Weil ein Wirt in Bayern sein Gasthaus der AfD zur Verfügung stellte, wurde die Fassade mit linksextremen Parolen beschmiert.

Foto: Bild: metropolico.org / flickr (CC BY-SA 2.0)
Gastwirt stellt AfD Räume zur Verfügung: Feiger Farbanschlag durch Anitfa

Schon im Vorfeld zu einer von der AfD organisierten Veranstaltung im Raum Deggendorf gab es Ärger. Diverse Linksradikale versuchten einen Gastwirten als „rechten“ darzustellen, weil er der Partei seine Räumlichkeiten zur Verfügung stellte. Dieser ließ sich aber nicht davon abbringen und wandte sich breitwillig an die Medien: "Das ist eine legale Partei". Weil den Linken gar nicht schmeckte, was sie da lasen und ihre Einschüchterungsversuche offenbar keine Früchte trugen, beschmierten sie kurzerhand die Fassade des Gasthauses „Zur Post“.

Wirt wurde massiv bedroht

Eigentlich wollte die AfD ihre Parteiveranstaltung in einem anderen Gasthaus abhalten, weil dort aber alles besetzt war, entschied man sich kurzerhand um und ein großer Saal in der „Post“, im bayrischen Winzer, wurde organisiert. Der 23-jährige Pächter, Thomas Engel, hatte keinerlei Probleme mit den Organisatoren oder der Partei und so war die Sache für alle Beteiligten klar.

Auch die CSU würde er schließlich bewirten, sagte Engel noch im Vorfeld regionalen Medien und verwies darauf, dass auch bei ihm am Ende des Jahres die Finanzen stimmen müssten und nicht die Parteipolitik. Doch damit rief er etliche Gesinnungsterroristen auf den Plan, die ihn per E-Mail, auf Facebook oder am Telefon wüst beschimpften und teilweise sogar gefährlich bedrohten. Namen und Gesicht zeigte kaum jemand von ihnen.

Fassade mit linker Parole beschmiert

Am 23. März war es dann schließlich so weit und die Veranstaltung wurde ohne Störungen abgehalten.
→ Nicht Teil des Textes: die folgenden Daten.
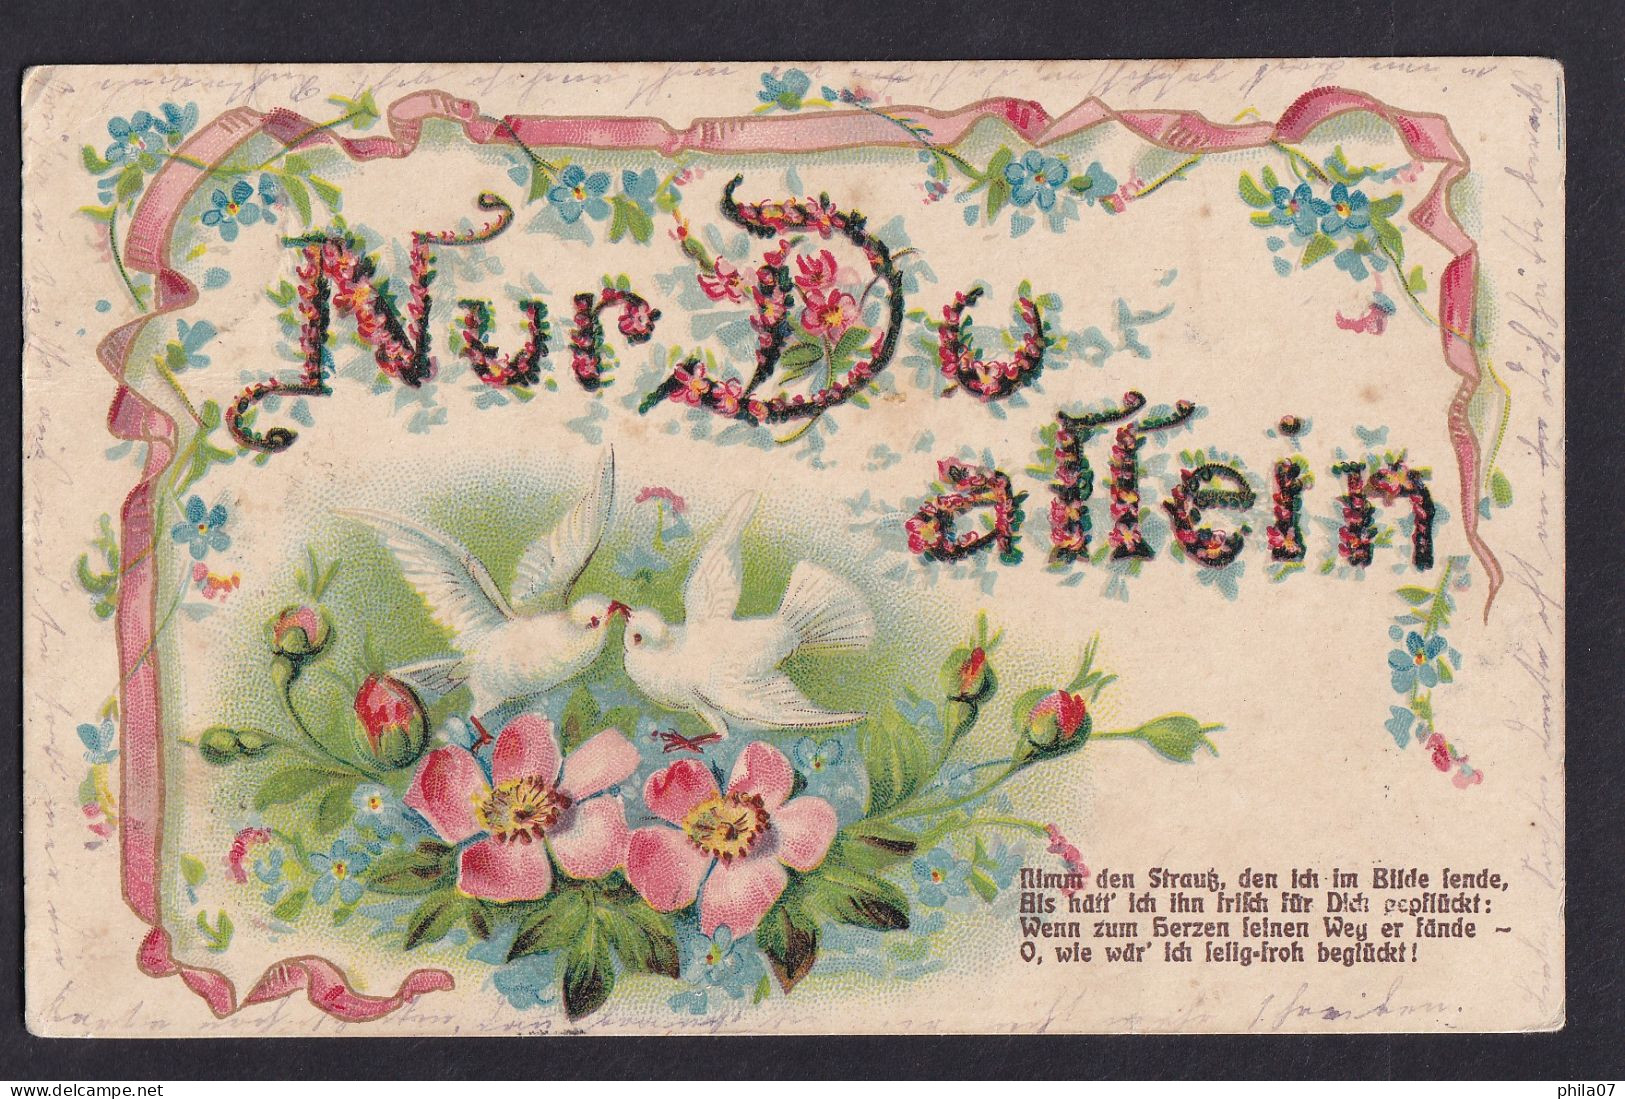 Nur Du Allein ... / Postcard Circulated, 2 Scans - Valentijnsdag

Diese folgte dafür wenig später: Sogenannte „linke Aktivisten“ beschmierten die Hauswand des Gasthauses Anfang April mit den Worten „Hier fühlen sich Rassisten wohl!“. Die bis jetzt immer noch ohne Impressum – und damit gegen geltendes deutsches Recht verstoßende –  Plattform linksunten.indymedia berichtet freizügig darüber.